I even pulled out my phone and showed him photographic evidence of the chaos that proved I was a relaxed, mess-loving mom who indulged her kids’ flights of creativity despite the empty pretzel bags.

He paused and looked at me: “Julie, you’re a perfectionist in your relationships.”

[A moment of silence as that shocking fact sinks in.]

A perfectionist in my relationships.

Um: guilty!

That meant I wasn’t ever okay if my people were unhappy or moody or tired or angry. My out of order relationship felt to me like a cluttered counter to a tidy mother.

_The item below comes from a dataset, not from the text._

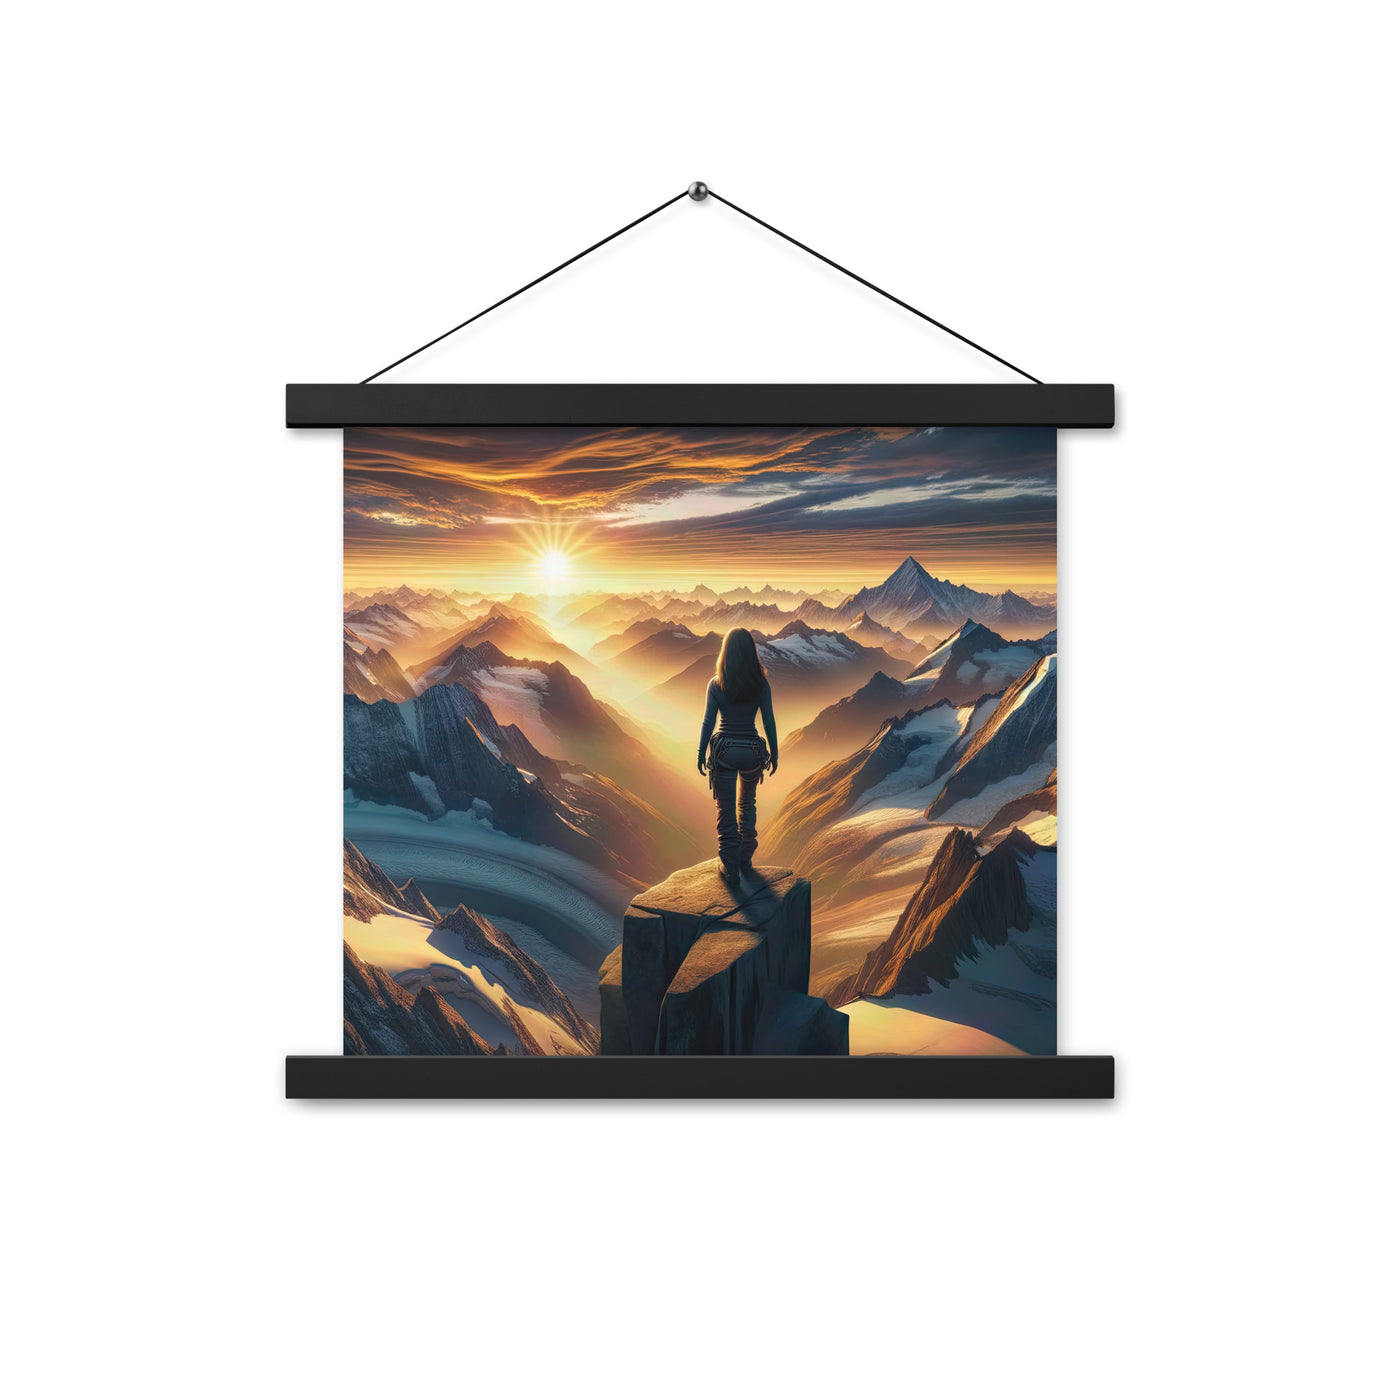 Fotorealistische Darstellung der Alpen bei Sonnenaufgang, Wanderin unter einem gold-purpurnen Himmel - Enhanced Matte Paper Poster With wandern xxx yyy zzz 35.6 x 35.6 cm

I got busy organizing feelings, responding with hugs, thinking about how to be a better mother to this child right now.

I had this unrealistic (invisible) belief that I could achieve a relationship utopia—a mutually affirming, kind, harmonious day-to-day peace—forever—with all the people I love—never uttering the stray, wrong word.

Turns out: exhausting and impossible. Each day is fresh, each experience is original. A responsive parent is one who can handle the clutter of sadness or frustration, who isn’t undone by a moment where the connection to a child falters. It’s like getting comfortable with the messy art table. Relationships are messy.

All we really have IS love and trying.

Loving the person, the messy feelings and home, trying to be aware enough to grow and recover when we forget. That’s it.

And it turns out? It’s enough.

This post is originally from Instagram and @juliebravewriter is my account there so come follow along for more conversations like this one!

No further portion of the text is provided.